Stand-up comics once vied for limited TV airtime. Now there's Twitter, Instagram, podcasts, web series and they vie to be noticed on the limitless internet, where they can tell jokes and upload videos instantly.
We have Beatles-level talent right now, and that is really, truly fuelling a lot of the boom.
"The democratisation of the internet has kind of sped things up," says Raizes. "That's kind of a whole new path in ... It used to take people 10 years to kind of go through this."
More platforms also means less boxing-in of comics based on their race, gender or sexual orientation.
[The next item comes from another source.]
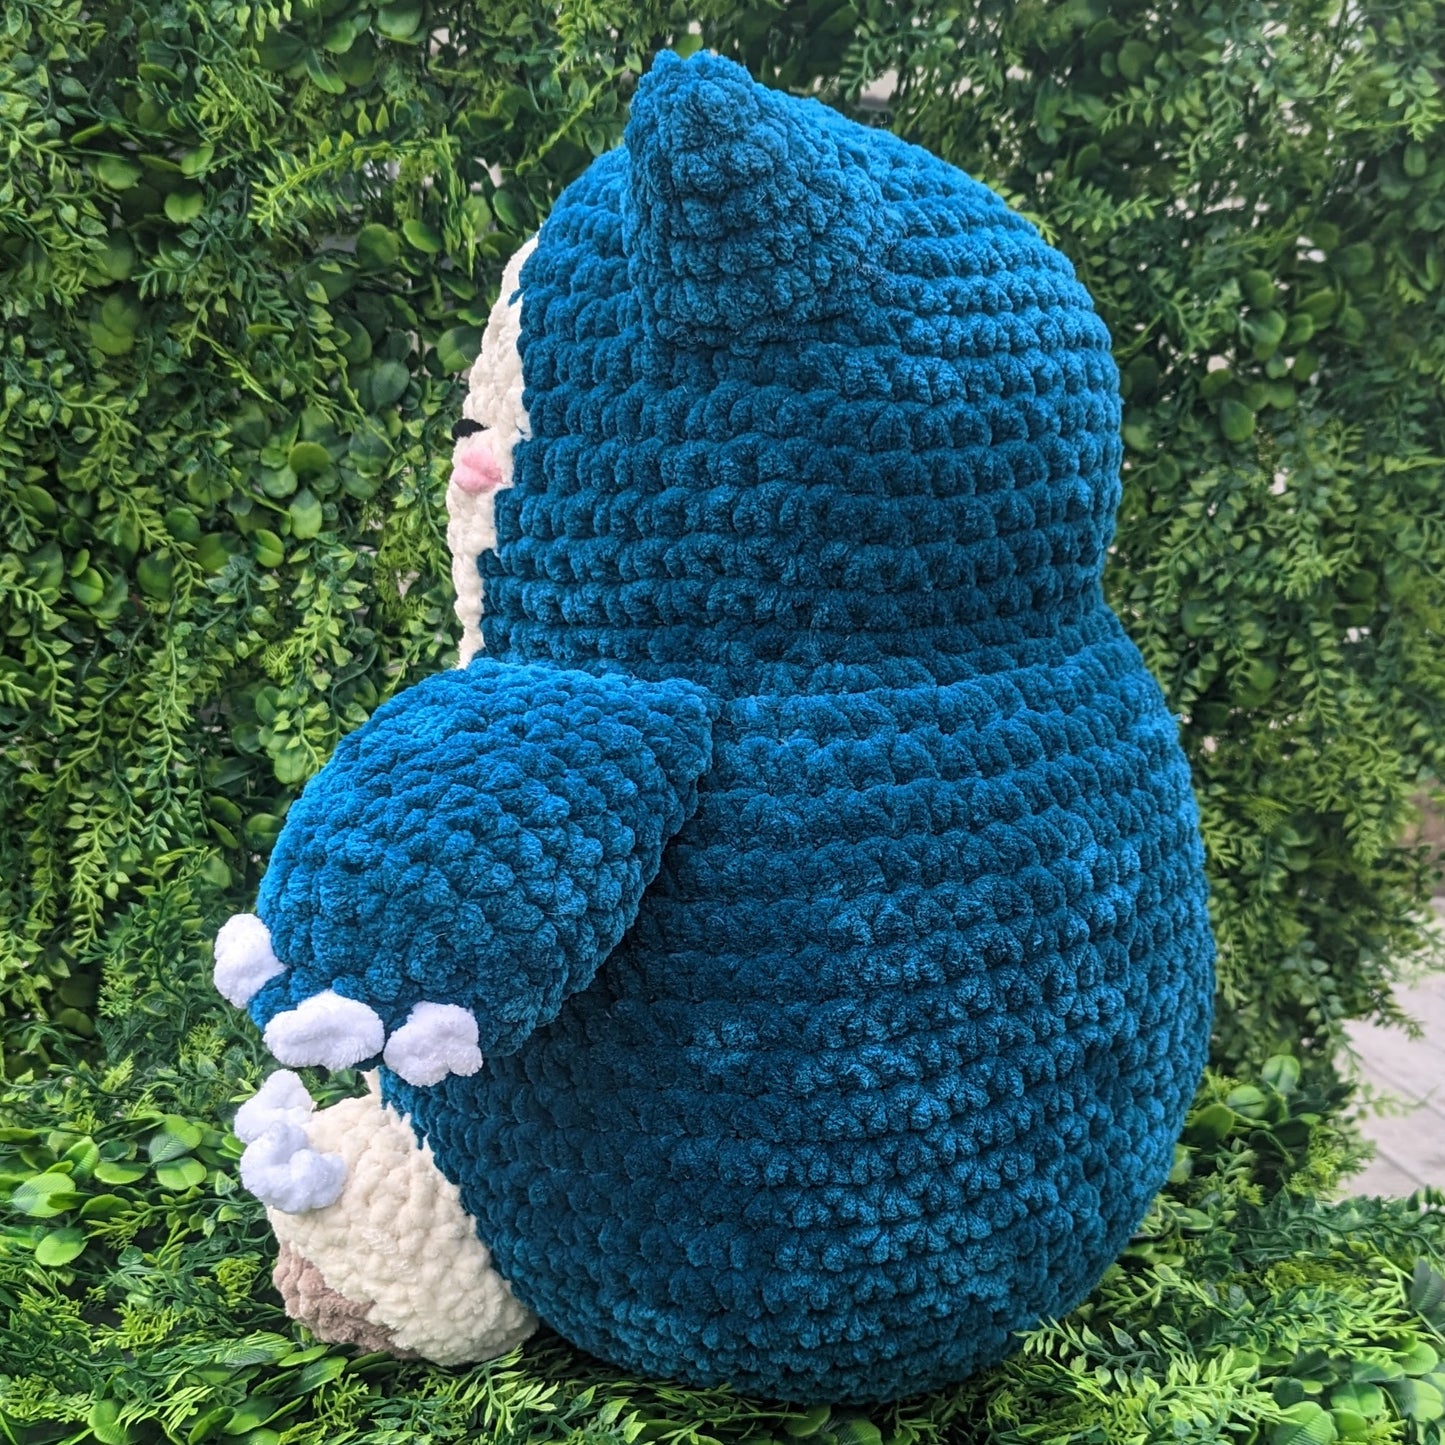 Giant Snoring Sleepy Monster Crochet Plushie [Archived]

Comedy has swung back toward the more artistic side, says Chappelle - "and guys are getting paid for their work like Rembrandts".
Increasingly, comics are getting discovered on - and paid by - Netflix.
A comic can go from struggling to sell 50 tickets to, within months of a Netflix special, selling 4000, says Volk-Weiss, the comedy producer.
Netflix has licensed stand-up since launching its streaming service in 2007. In 2015, it released a dozen new specials. Last year, 19. This year? So far, about one a week: 25.
The company will reportedly pay tens of millions to Rock, Seinfeld and Chappelle, who has publicly referred to a US$60 million deal.
While demurring on how much money Netflix spends on producing comedy, Lisa Nishimura, the company's vice president of original documentary and comedy programming, says: "It's a meaningful and sizeable investment from the company because we take the category of stand-up seriously."
The reach is wide: more than 100 million subscribers and 190 countries. New technology has opened opportunities, but at a time of heightened politicisation and cultural divisions, it has also brought intense scrutiny to a craft that requires failing in public to get good.
"People are more holding comedians accountable, not for being funny, but for being on the right side of history," says Che. "It just feels like audiences want somebody who will get up there and say what they've already been thinking, as opposed to saying something they've never thought of before."